Sometimes the job of a film critic is but an easy setup for extreme punishment. Such is the case with the long-delayed (and for good reason) "The Adventures of Pluto Nash," a big-budget sci-fi comedy (the latter term I use very, very loosely) that couldn't have possibly gone more disastrously wrong if director Ron Underwood (1998's "
Mighty Joe Young") had been held at gunpoint for the complete duration of filming. "
The Crocodile Hunter: Collision Course," the other runner-up for worst picture of 2002, at least had a low-budget and not many aspirations outside of sating the appetites of Steve Irwin's fans. The filmmakers and studio heads behind "The Adventures of Pluto Nash," however, have seen fit to throw a reported $80-million out the window with the sort of abandon an infant might have in throwing a McDonald's Happy Meal toy outside the window of a moving car.
Set in a glitzy Vegas-style city on the moon in the year 2080, Pluto Nash (Eddie Murphy) is a smuggler-turned-nightclub-owner who has recently gotten rich off his entrepreneurial venture. When a mafia group plan an attack to take over the club and turn it into a casino, it is up to Pluto, visiting Earth girl and aspiring singer Dina Lake (Rosario Dawson), and low-tech robot Bruno (Randy Quaid) to stop them.

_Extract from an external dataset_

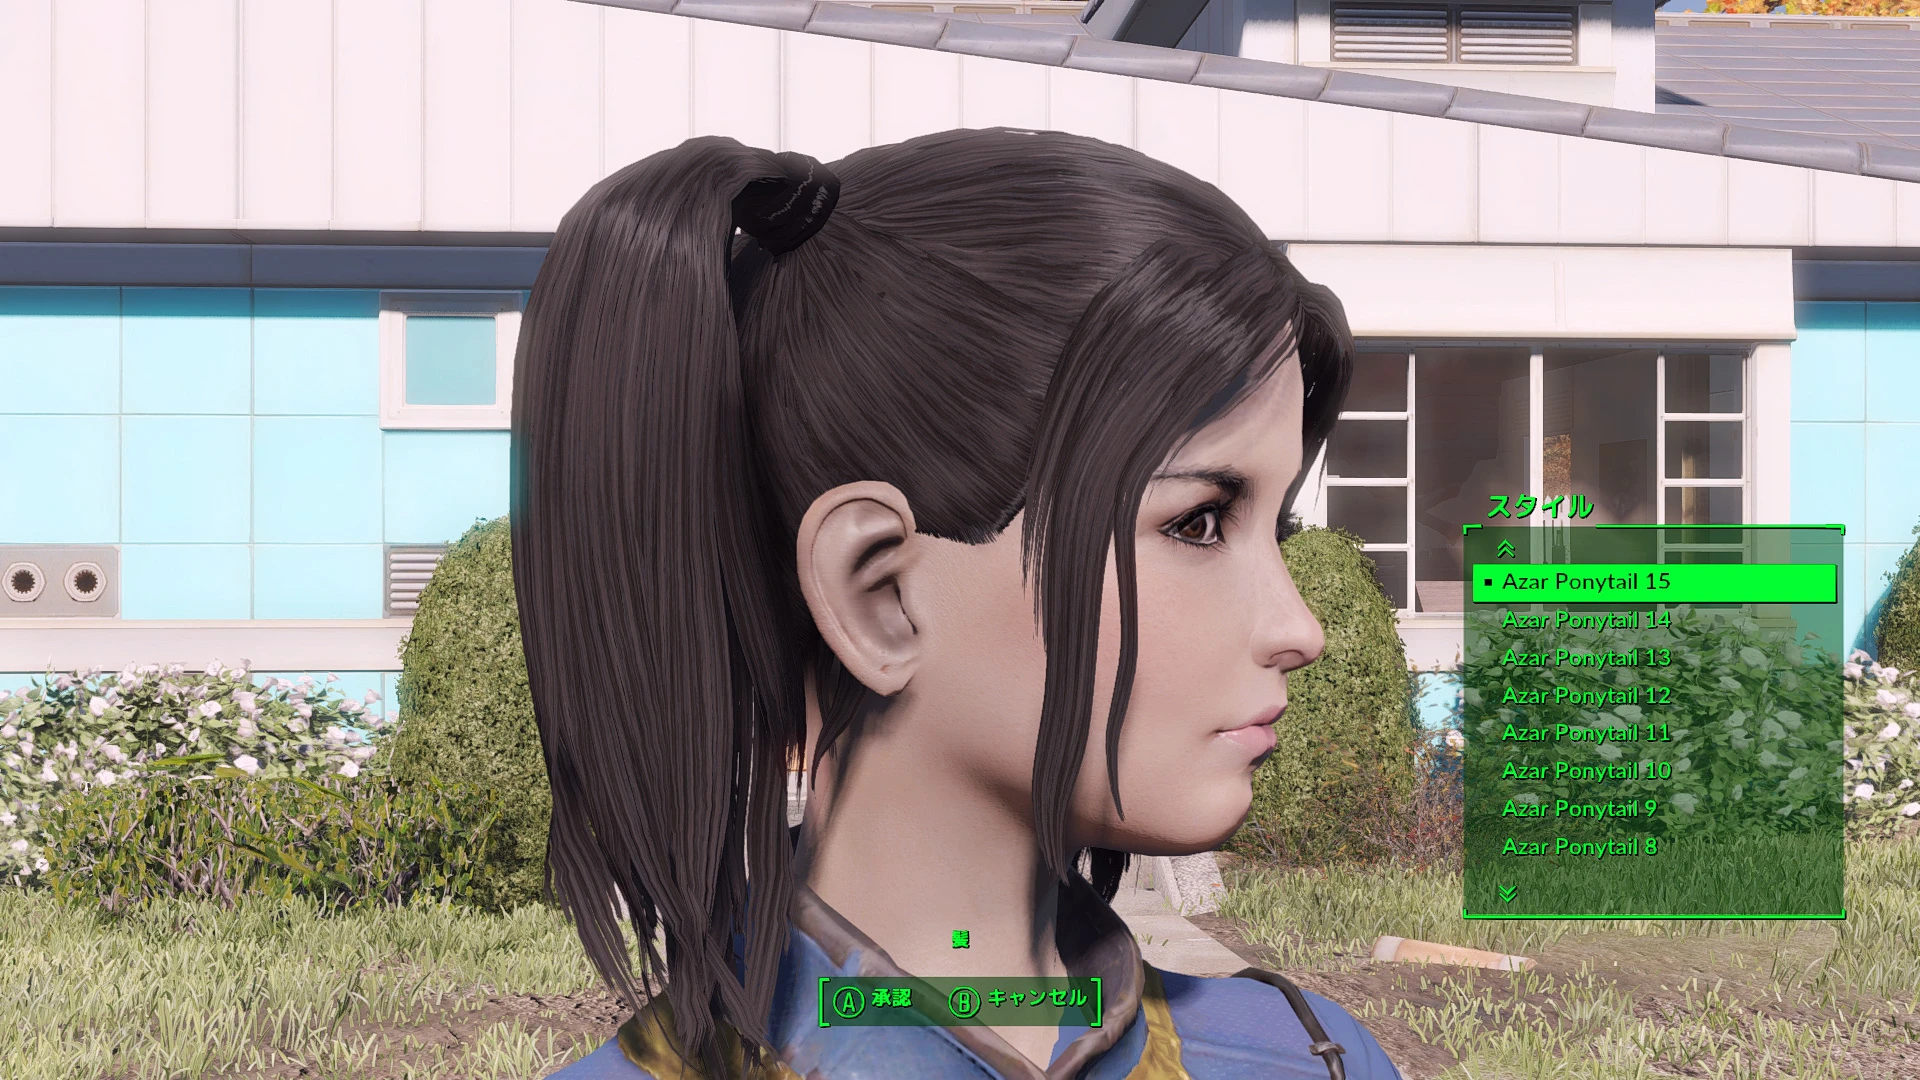 Ponytail hairstyles fallout 4 фото 18

If the premise can be summed up in two sentences, it is a shame director Ron Underwood and purely inept screenwriter Neil Cuthbert (1999's "
Mystery Men") didn't make a two-minute short film. Still, that would have been two minutes too long. "The Adventures of Pluto Nash" is the kind of overblown, special effects-laden, all-star comedy that comes around once in a blue moon (no pun intended), but makes you wonder just how it got made in the first place. To say the film is unfunny would be to make a vast understatement about just how moronic, ill-conceived, and lame every second of this trifle really is.

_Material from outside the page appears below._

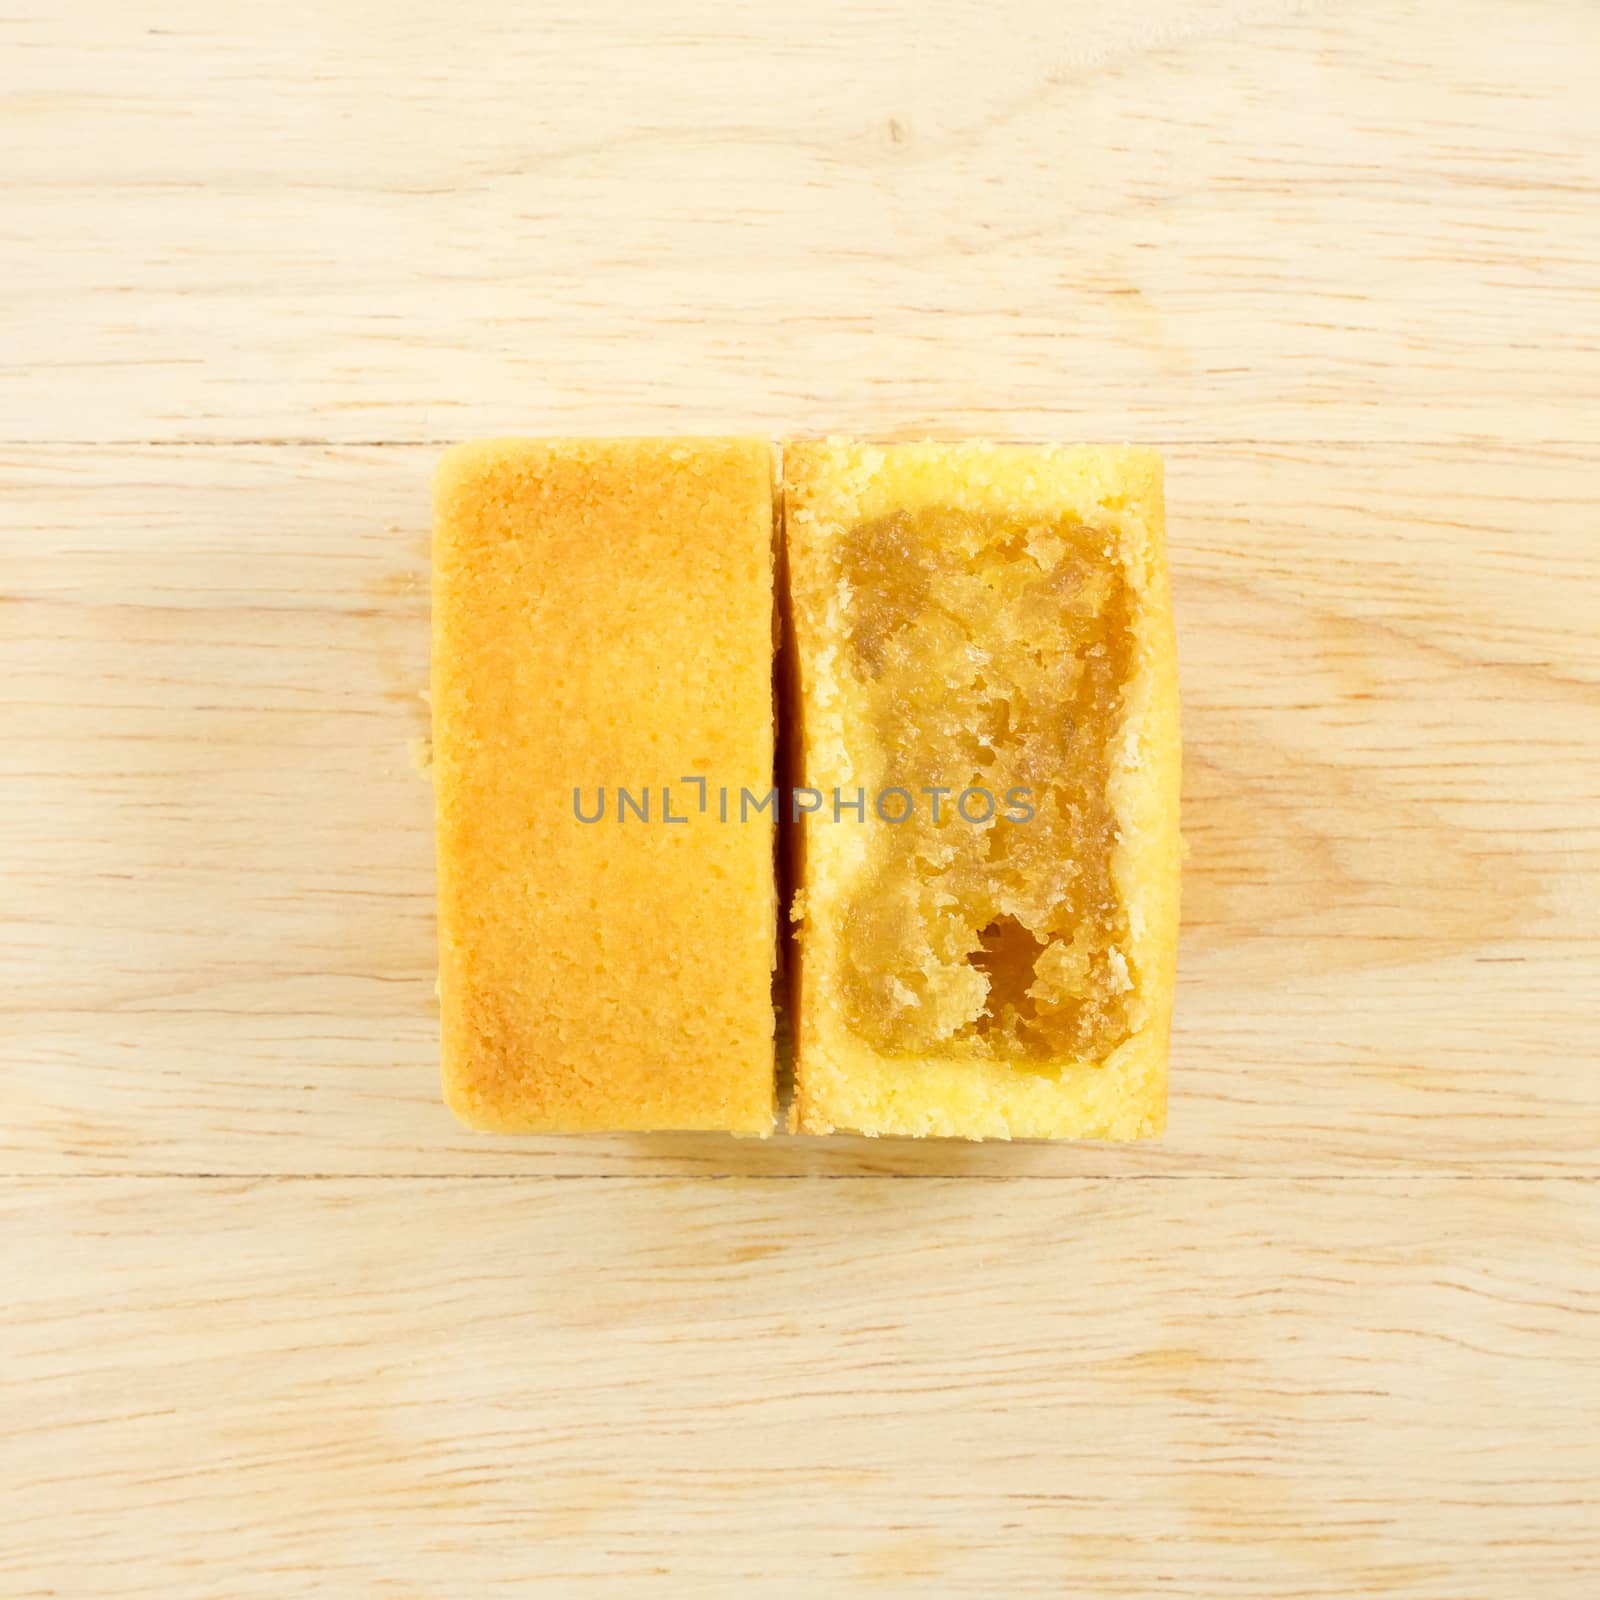 The tasty Taiwanese pineapple pastry cake with egg yolk on the wooden plank.

There is no energy to any of it, no humor, no interesting characters, and no point. A hodge-podge of scenes that are only marginally coherent and add up to little more than watching a blank projector screen, the movie is a wasteland of dead material, signaling nearly the final nail in the coffin of Eddie Murphy's once-thriving career, and an embarrassing footnote on the resumes of the rest of the talented cast.
Speaking of which, it is not merely coincidence than Eddie Murphy (2002's "
Showtime") has made four heinously awful star vehicles in a row. Whatever appeal or humor he once held, it becomes rapidly apparent in "The Adventures of Pluto Nash" that he has lost it. Does Murphy even read the scripts before he signs on to projects, or does he simply have bad taste? What is for certain is the sizable clout Eddie Murphy holds in Hollywood. He could have had his choice of nearly any role in Hollywood if he wanted it bad enough. So what does he choose to make? "The Adventures of Pluto Nash," which was vehemently not screened in advance for critics, and has sat on the shelf for over a year collecting dust. If there really was a merciful God, the film negatives would have been burnt to a crisp in a freak accident. No such luck.